Unfortunately, reconstruction of highly accelerated non‐Cartesian data is time‐consuming due to the iterative nature of state‐of‐the art reconstruction algorithms (eg, compressed sensing [CS]). This problem has been partly mitigated by graphics processing units that enable low‐latency reconstruction of continuously acquired real‐time data. However, processing the large amounts of data produced is time‐consuming, and current methods do not enable real‐time monitoring.

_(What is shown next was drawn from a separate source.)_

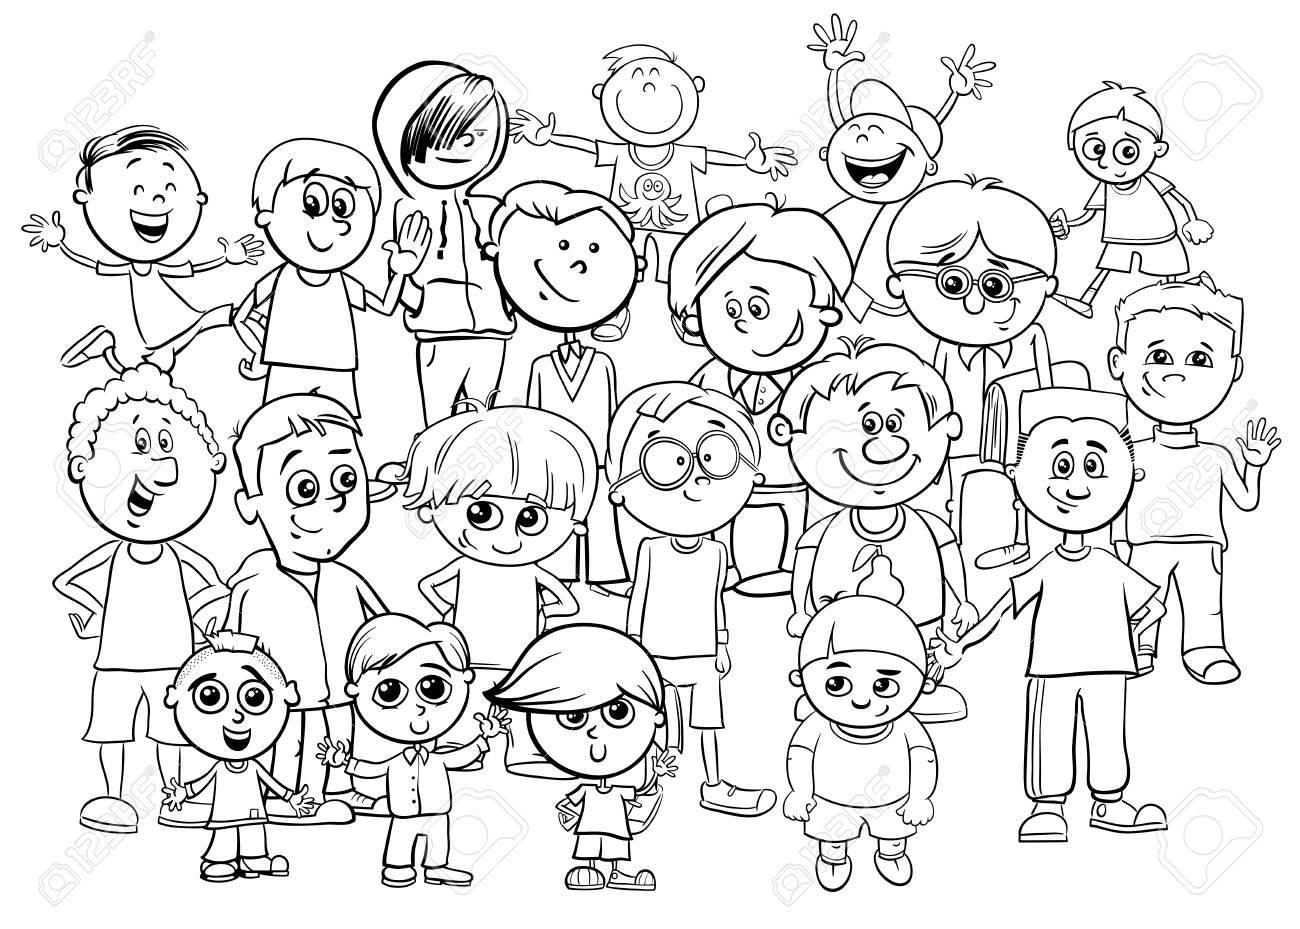 Black and White Cartoon Illustration of Elementary School Age...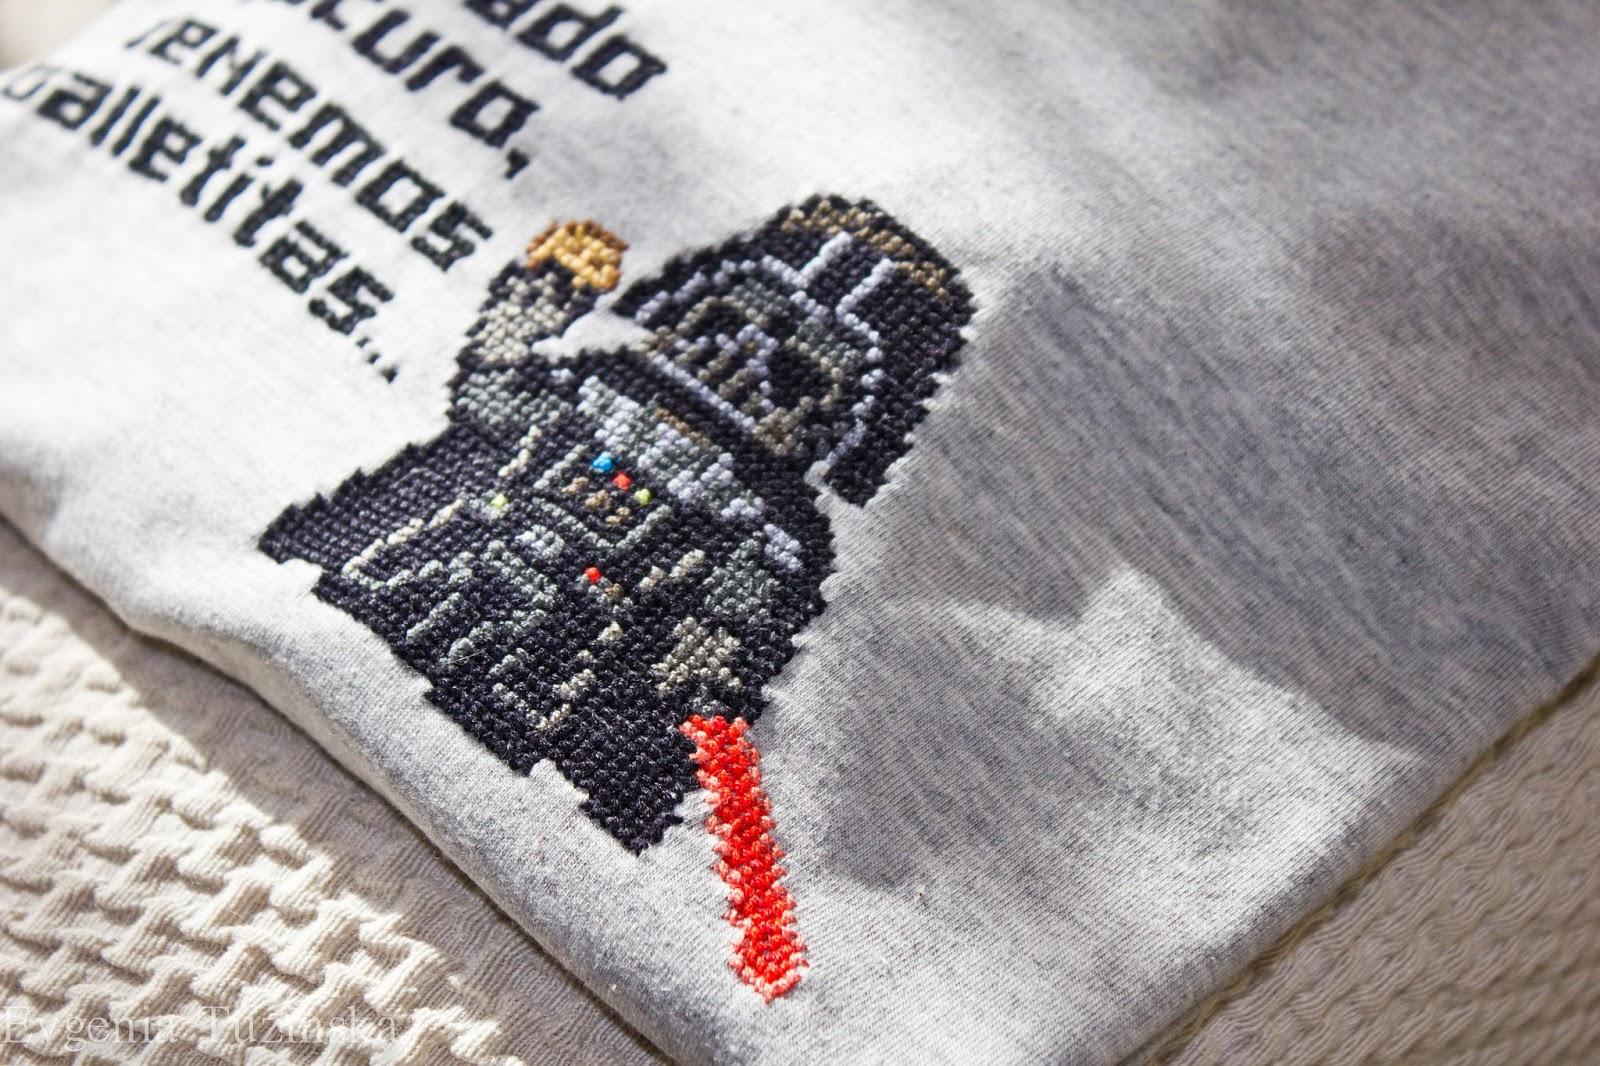 Схема вышивки дарта вейдера

We have recently shown that deep learning (DL) can be used to remove aliasing artifact (deep artifact suppression) from both magnitude and phase images of highly accelerated real‐time spiral PCMR data acquired at rest. The U‐Net architecture used for deep artifact suppression was originally proposed for segmentation of biomedical images and performed excellently for a wide range of segmentation applications. We propose extending our previous work by performing both low‐latency deep artifact suppression and segmentation on real‐time flow data and combining this with optimized communication and visualization for near real‐time monitoring of CO during exercise. The specific aims were to (1) develop and demonstrate the feasibility of a low‐latency continuous CO monitoring framework on the scanner in 10 healthy subjects during a simple exercise study, (2) compare CO measurements at rest between our proposed “FReSCO” (Flow Reconstruction and Segmentation for low latency CO monitoring) method and reference free‐breathing retrospectively electrocardiogram (ECG)–gated Cartesian PCMR, and (3) compare CO measurements at rest and peak exercise between FReSCO and CS reconstruction.

METHODS

Our proposed framework for low‐latency CO monitoring relies on (1) a highly accelerated real‐time spiral PCMR acquisition, (2) an open‐source cross‐platform communication framework (Gadgetron), and (3) two sequential U‐Nets for fast deep artifact suppression and segmentation of the real‐time data. The FReSCO framework is illustrated in Figure 1. Cohort and acquisition information relative to the prospective and retrospective studies is summarized in Supporting Information Table S1.

FIGURE 1

The “FReSCO” (Flow Reconstruction and Segmentation for low latency Cardiac Output monitoring) framework for low‐latency monitoring of aortic flow. A, Real‐time golden‐angle variable density spiral data are forwarded to an external computer using Gadgetron. The pipeline is initialized using the 10 first frames (eg, module imports, trajectory, density compensation, coil estimation, Maxwell correction), and the proposed reconstruction and flow monitoring are performed during scanning. Flow maps and segmentations are sent back to the scanner. B, Illustration of the proposed real‐time monitoring interface at the end of a 3‐min exercise scan. Top left: segmented magnitude images; top middle: phase images; top right: flow curves; bottom left: beat‐to‐beat heartrate; bottom middle: stroke volume; bottom right: cardiac output. Abbreviation: nuFFT, nonuniform fast Fourier transform

Acquisition

The real‐time flow acquisition uses a golden‐angle variable density spiral trajectory, with the outer 10% of k‐space 2.5× less densely sampled than the inner 20% (with linearly decreasing density in between [trajectory depicted in Supporting Information Figure S1]). One‐sided velocity encoding was achieved by acquiring each readout twice (velocity encoded and compensated), and three spiral interleave positions (six readouts) were acquired per frame, leading to an acceleration factor of about 8.7/21.7 for inner/outer k‐space. Scan parameters included FOV = 400 × 400 mm, voxel size = 2.1 × 2.1 × 6.0 mm, TR/TE = 5.8/2.1 ms, temporal resolution = 35.0 ms, flip angle = 20°, and velocity encoding = 200 cm/s.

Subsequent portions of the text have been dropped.